One of the ironies of Rosh Hashanah is that we’re supposed to look inward during a holiday when we’re looking outward at the biggest synagogue crowds of the year. For many communities, Rosh Hashanah is a kind of coming out where the great majority of Jews find their way to a temple. The challenge has always been to find moments of quiet contemplation during an especially noisy time of year.

The last two years have turned this upside down. Isolated by the pandemic, we’ve stayed away from crowds and were forced to look inward. In many ways, we overdosed on contemplation. So, if there’s anything we need this year, it’s those big Rosh Hashanah crowds to help us break out of our isolation, reconnect with our communities and encounter other voices. 

If there’s anything we need this year, it’s those big Rosh Hashanah crowds to help us break out of our isolation, reconnect with our communities and encounter other voices.

That’s why we chose to feature Shai Agnon’s “Days of Awe” for our cover story, written by Agnon expert Rabbi Daniel Bouskila. The book is an encounter with a multitude of voices; it infuses our Rosh Hashanah experience with the wisdom of crowds — in this case, a deeply spiritual and thoughtful crowd.

The book, in essence, is a tribute to the liveliness of Jewish diversity.

“The first time I opened ‘Days of Awe,’” Bouskila writes, “I felt as if I entered a room where a fascinating array of classical Jewish sources were having a lively conversation about Rosh Hashanah.

“Talmudic rabbis, medieval Kabbalists, Sephardic philosophers, Hasidic rebbes and Halakhic scholars all seemed to be sitting around the same table. They came from different places and lived at different times, but the creative manner in which Agnon arranged them brought them to life in an interactive dialogue that transcended time and geography.”

In the book, more than three hundred texts, selected from the vast storehouse of Jewish literature from ancient to modern times, are arranged to follow the order of the synagogue service for the High Holy Days.

“Words that were originally spoken hundreds of years apart poetically flowed into one another,” Bouskila writes. “They shared ideas about Rosh Hashanah’s unique customs, its prayers, the power of repentance, the sounds of the shofar and the symbolism of the Book of Life. When reading their words, I was transported into their world. I could hear their voices. It was as if Agnon invited me into a timeless and ongoing Beit Midrash about the High Holidays.”

I love the phrase “transported into their world” because it’s so relevant to our times. As many of us still reel from the pandemic, we’re being challenged to transport ourselves into other worlds — the worlds of people we haven’t seen in a long time, the worlds of communities we’ve seen mostly on Zoom.

Because our social, in-person contacts have been so limited the past two years, another irony of pandemic-era Rosh Hashanah is that we haven’t had as many reasons to ask for forgiveness, a core purpose of the holiday.

That just means we need to think harder about the people we may have hurt or the mistakes we may have made. Perhaps the very act of reconnecting with people and communities, face to face, will help us do that.

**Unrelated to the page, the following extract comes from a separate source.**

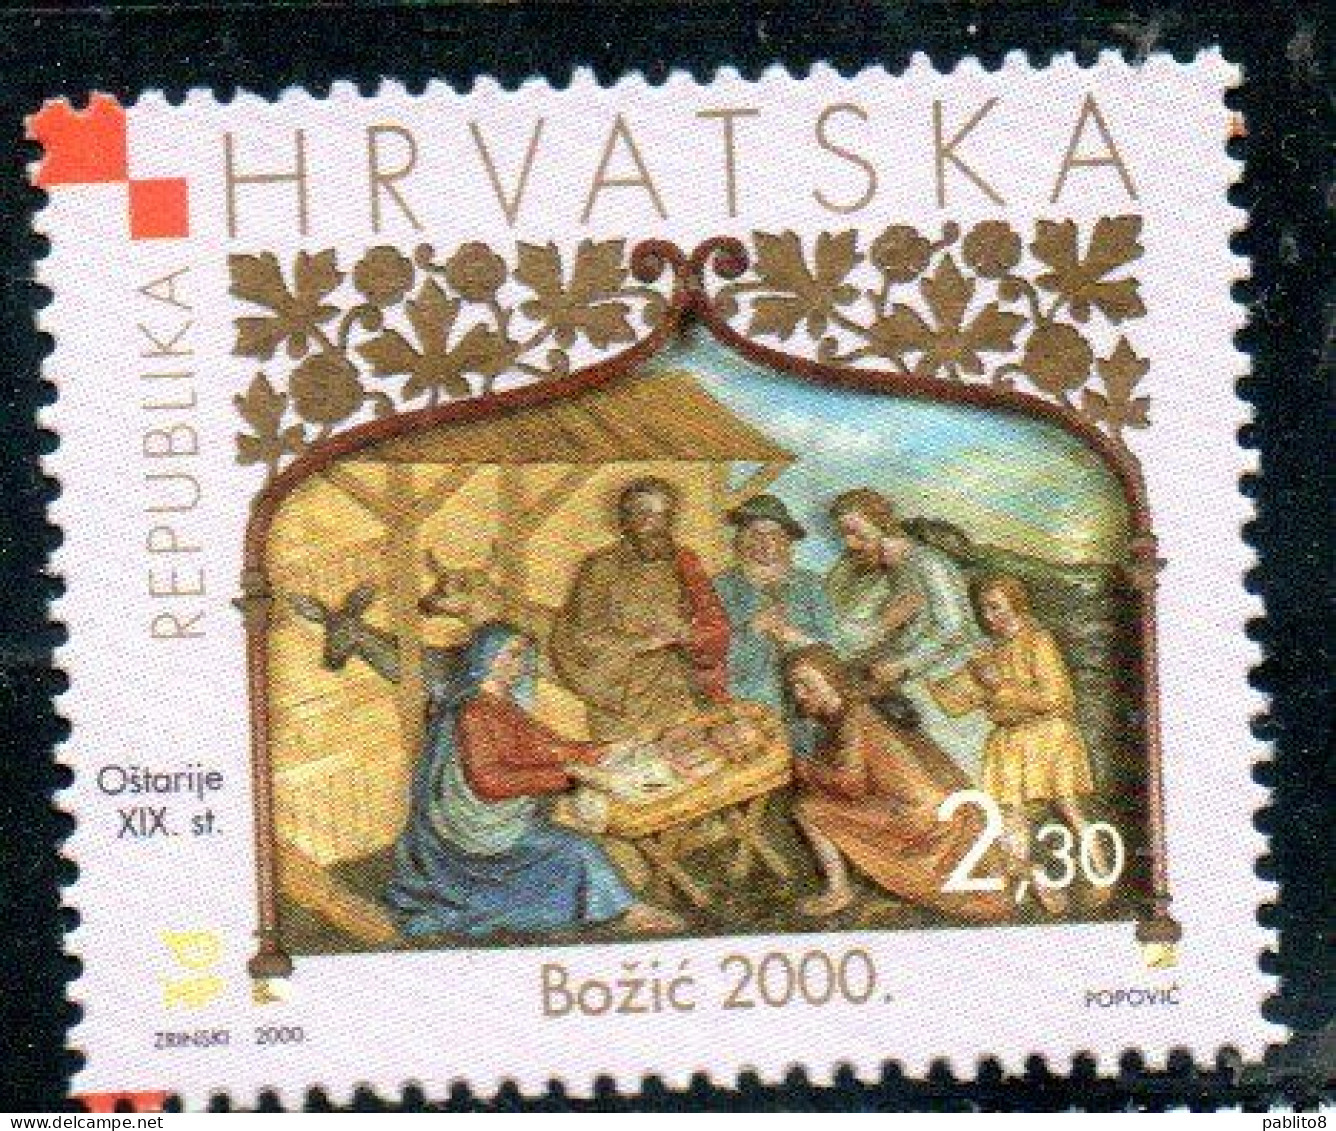 HRVATSKA CROATIA CROAZIA 2000 CHRISTMAS SRETAN BOZIC NATALE NOEL WEIHNACHTEN NAVIDAD 2.30k MNH - Croatia
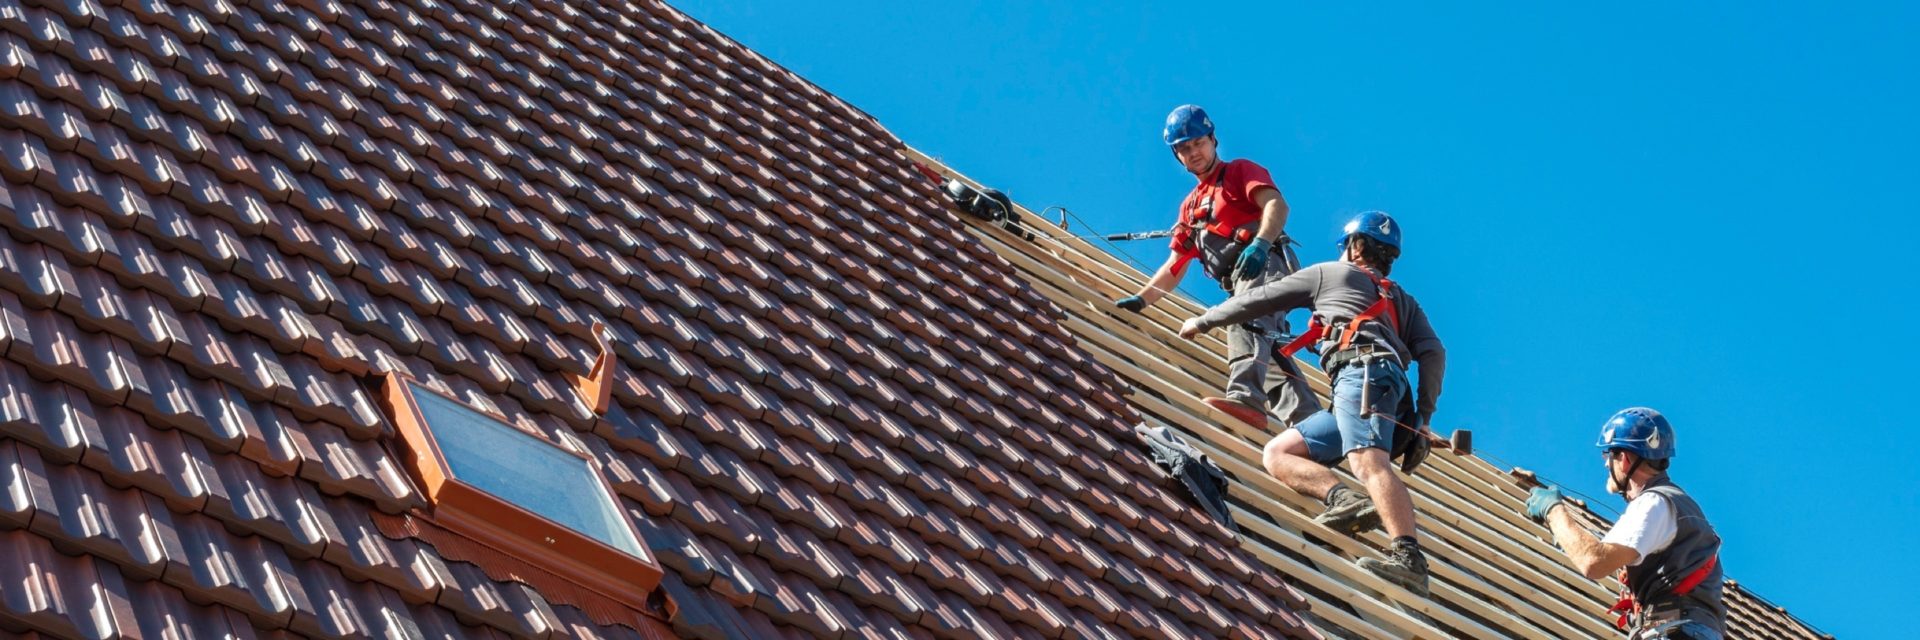 Commercial Roof Repair Contractor Tulsa Ok

The call of the shofar will also help.

As Bouskila writes, “‘Days of Awe’ also taught me that the shofar is endowed with a deeper meaning and message. For Maimonides, the shofar blasts awaken our souls and stir us toward improving our actions.”

Awakening our souls is one of those esoteric phrases that can mean different things to different people. For me, it means waking up to the presence of others and connecting with their souls, in a spirit of  humility rather than judgment.

Of course, it’s hard to do all that soulful work on Zoom. 

This is why 5783 offers us a test like no other. Are we ready to fully reengage with those we haven’t seen in so long? Are we ready to hear other voices? Are we ready for the noise of community?

By transporting us to a place of holiness and diversity, Agnon’s “Days of Awe” prepares us to reengage. His book is a communal table of awe, a space where different voices and stories come together to move our souls, help us look outward and inward, and usher in a better version of ourselves.

Shana Tova.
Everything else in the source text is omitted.